> Information supplied:
----------

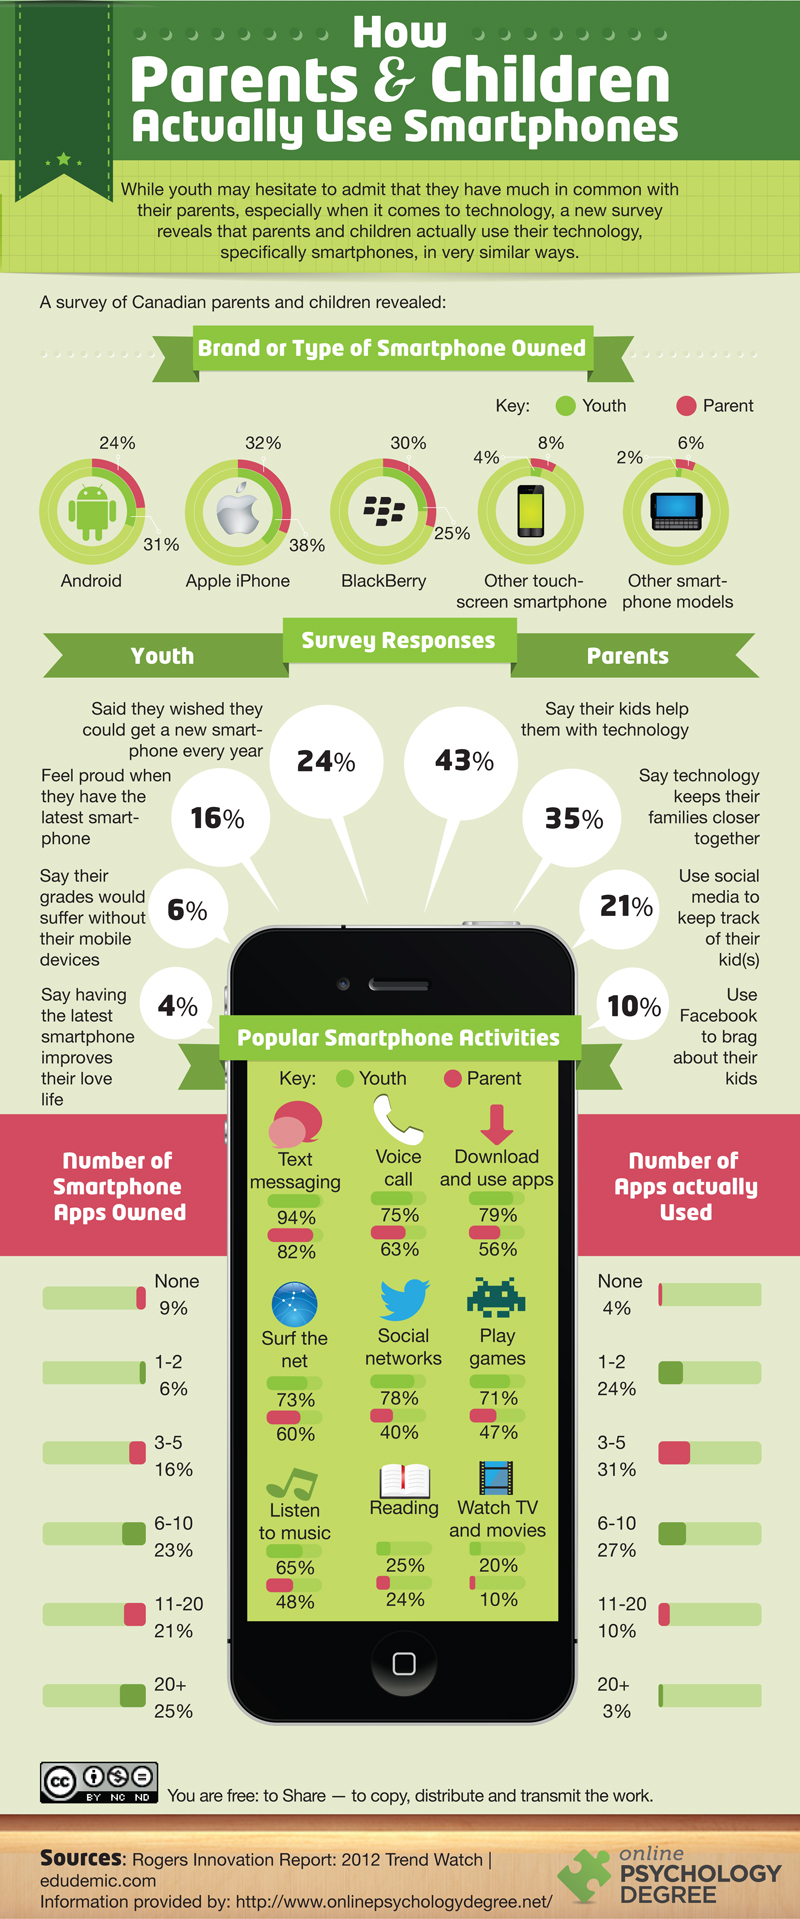 How do Parents and Children actually use their Smart Phones?
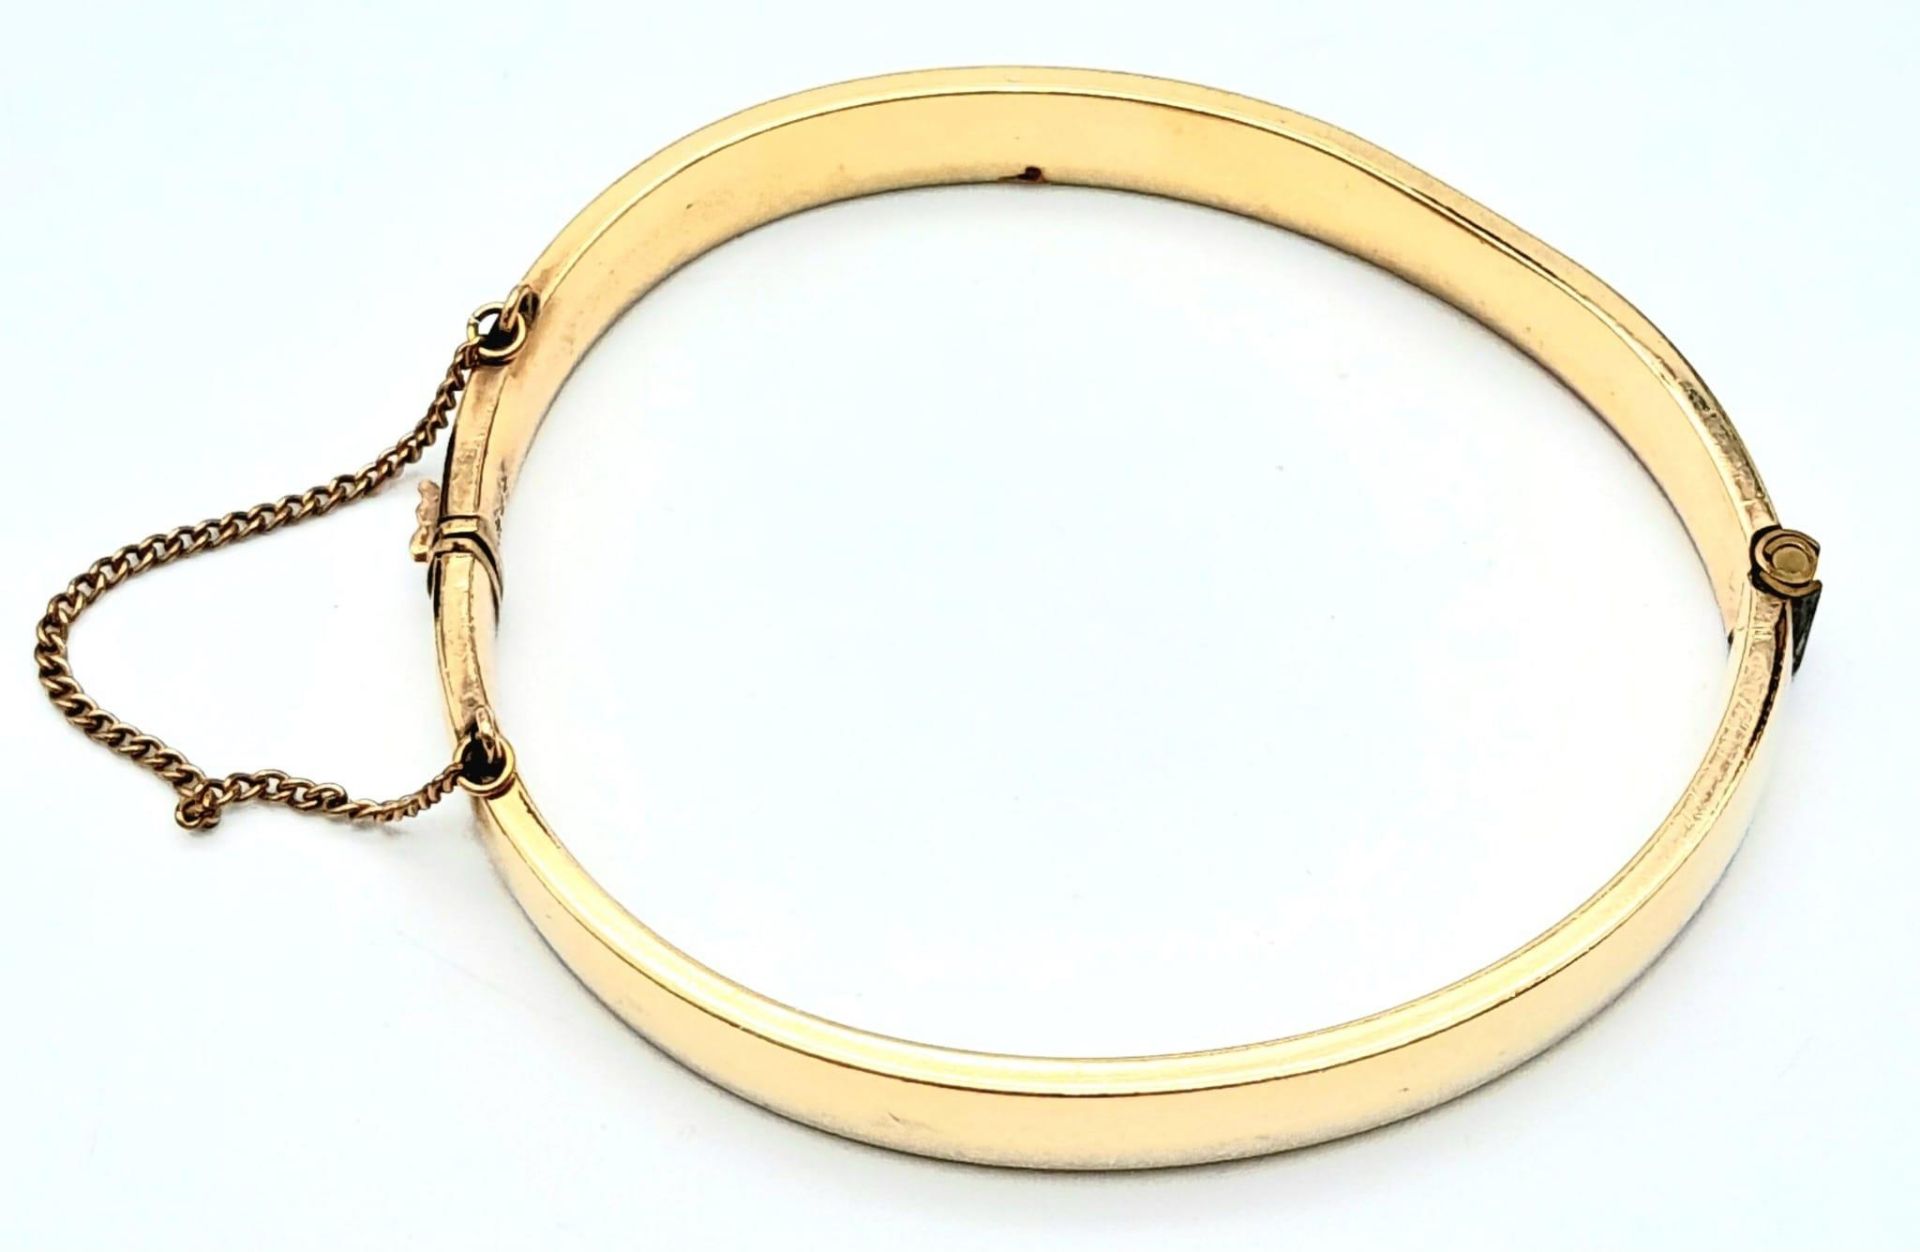 A Vintage 9K (1/5 gold plated) Decorative Bangle. 11.26g total weight. - Image 6 of 12
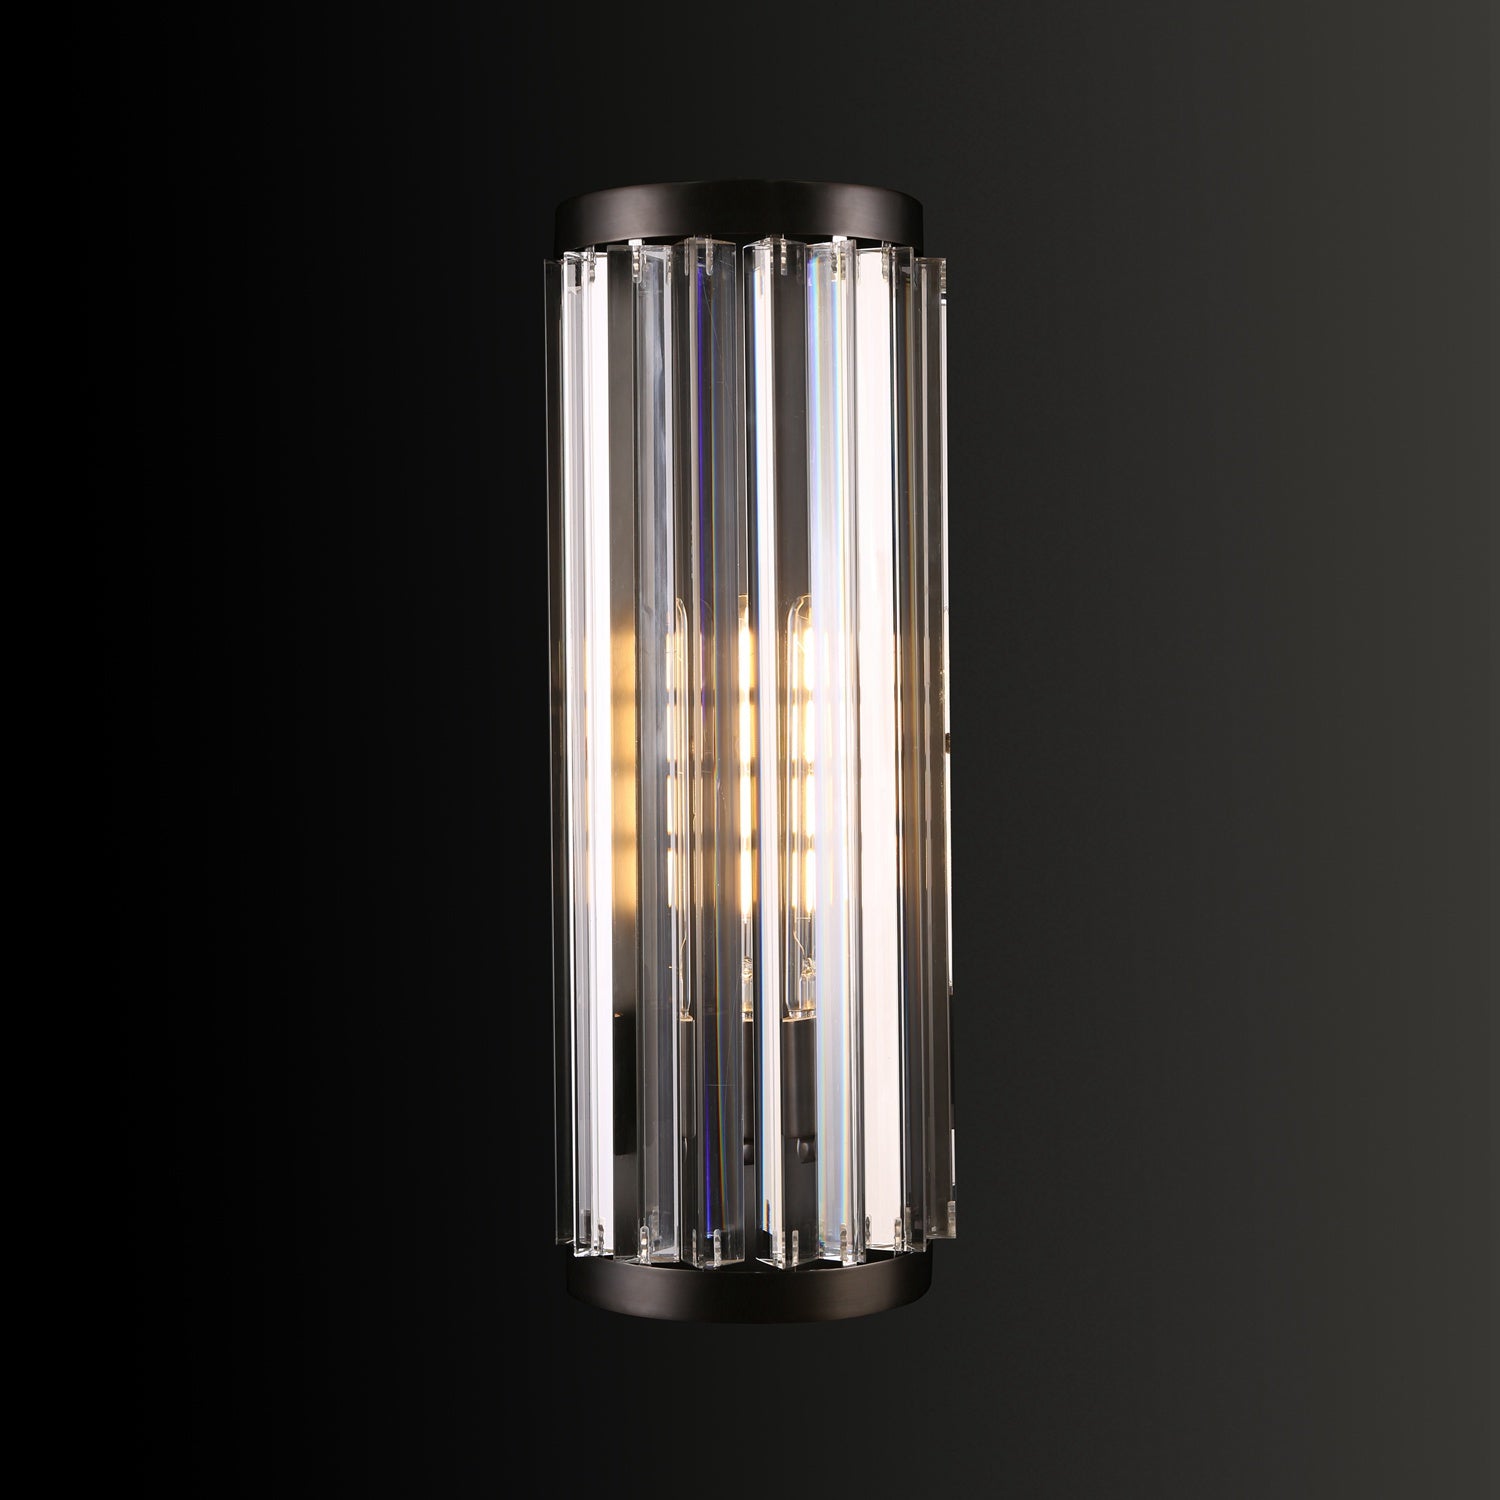 Crystal Wall Lights, Culaccino Black Wall Sconce, Wall Lights for Living Room - Wing Lightings

----------

> Problem details: All of the material above is to be copied exactly, with no pictures.

> Response to the task:
 How do Parents and Children actually use their Smart Phones?
 A Vintage 9K (1/5 gold plated) Decorative Bangle. 11.26g total weight. - Image 6 of 12
 Crystal Wall Lights, Culaccino Black Wall Sconce, Wall Lights for Living Room - Wing Lightings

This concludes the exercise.